■ **Data section**
┄┄┄┄┄┄┄┄┄┄
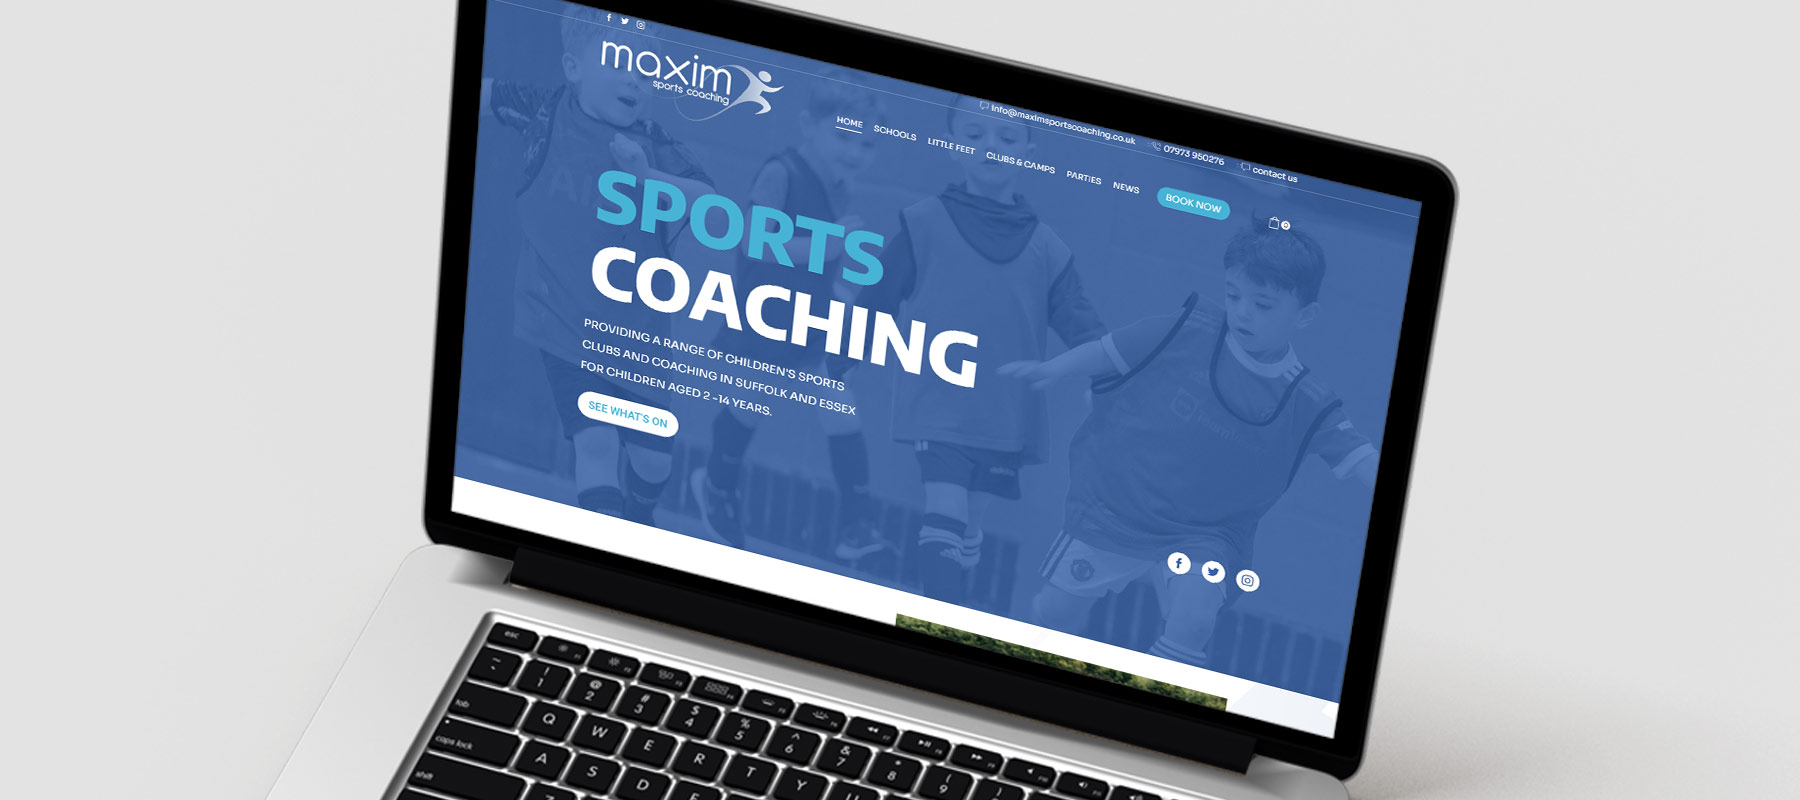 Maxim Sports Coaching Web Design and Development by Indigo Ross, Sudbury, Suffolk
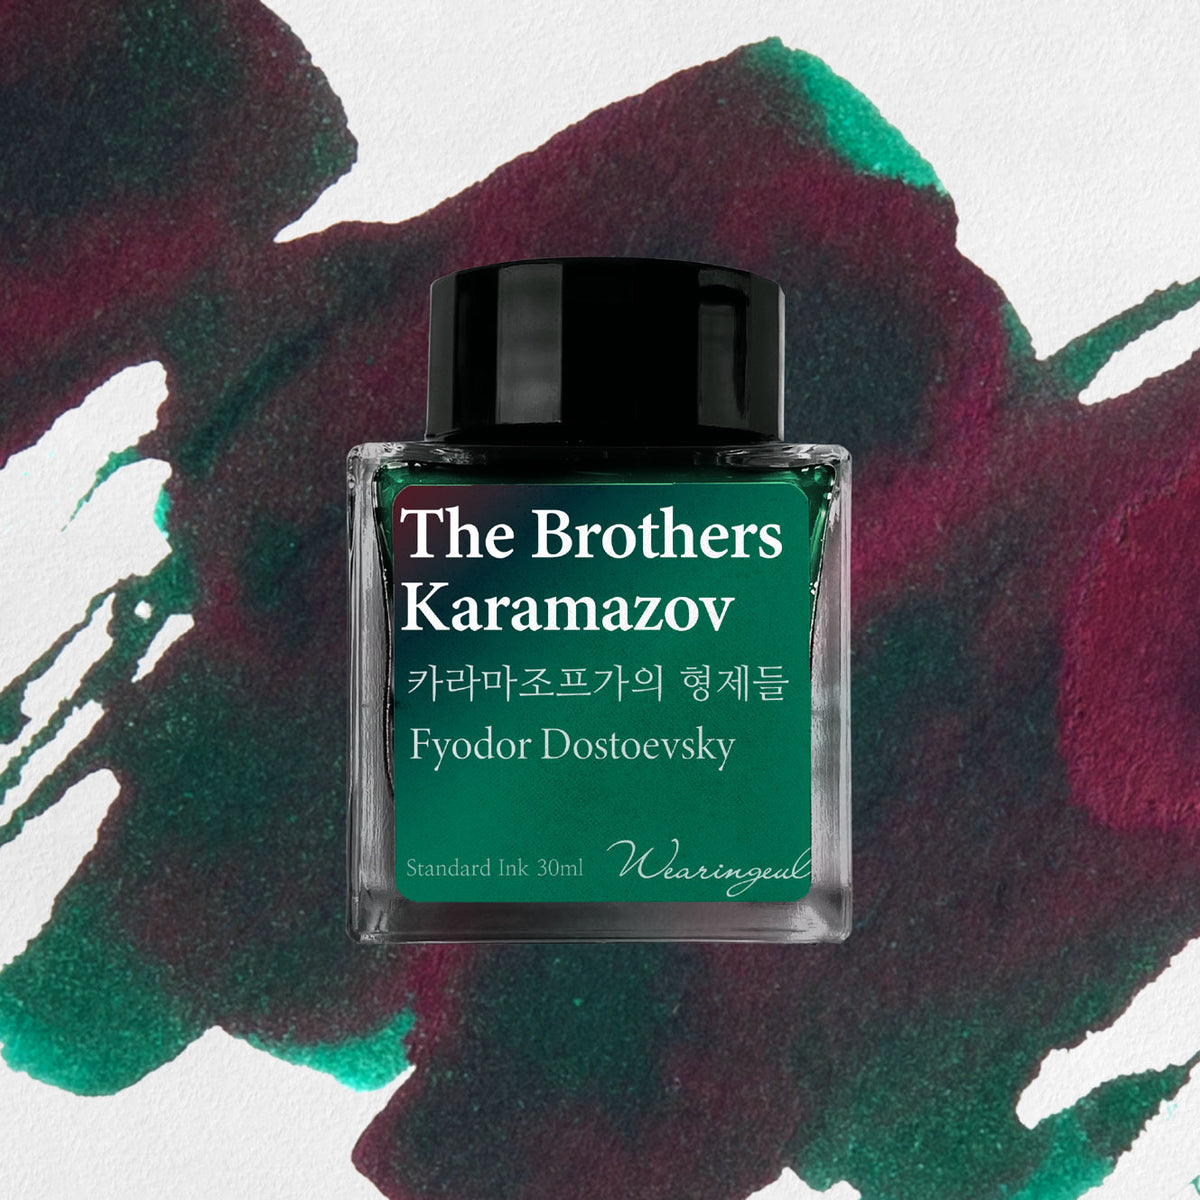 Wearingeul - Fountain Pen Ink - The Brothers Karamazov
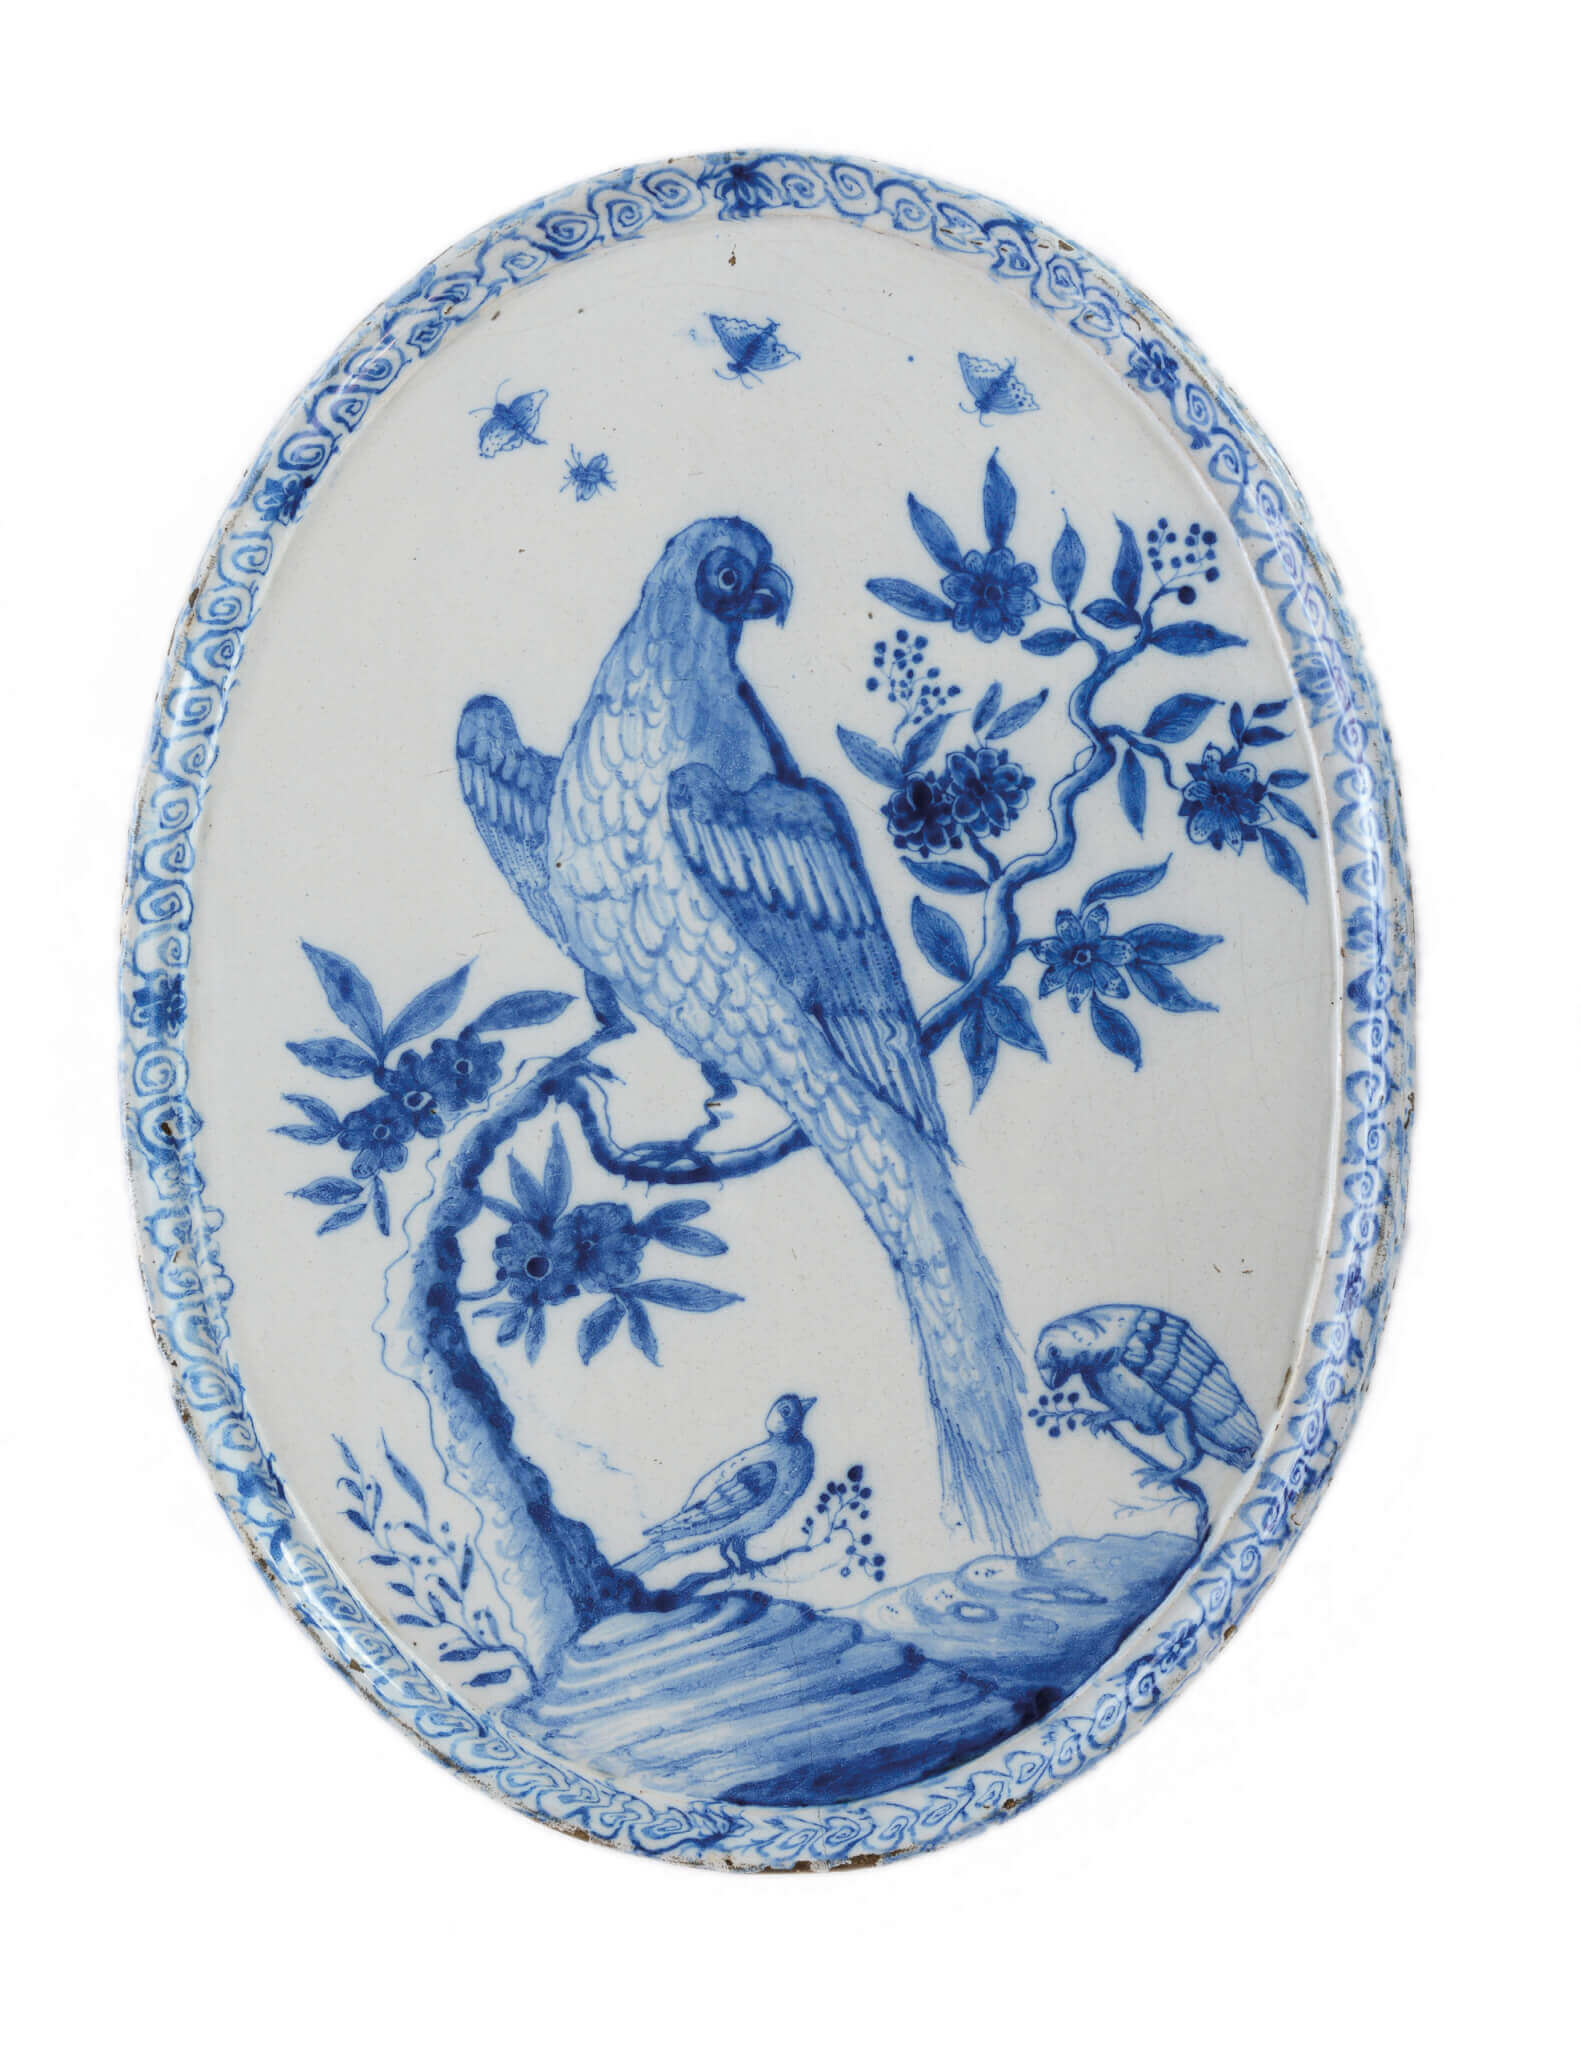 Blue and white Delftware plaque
┄┄┄┄┄┄┄┄┄┄
■ **Exercise directions**
Restate word for word the lines above that start at the line containing "Wearingeul - Fountain" and run to the end of the listing; exclude the pictures.

■ **Solution to this exercise**
 Wearingeul - Fountain Pen Ink - The Brothers Karamazov
 Blue and white Delftware plaque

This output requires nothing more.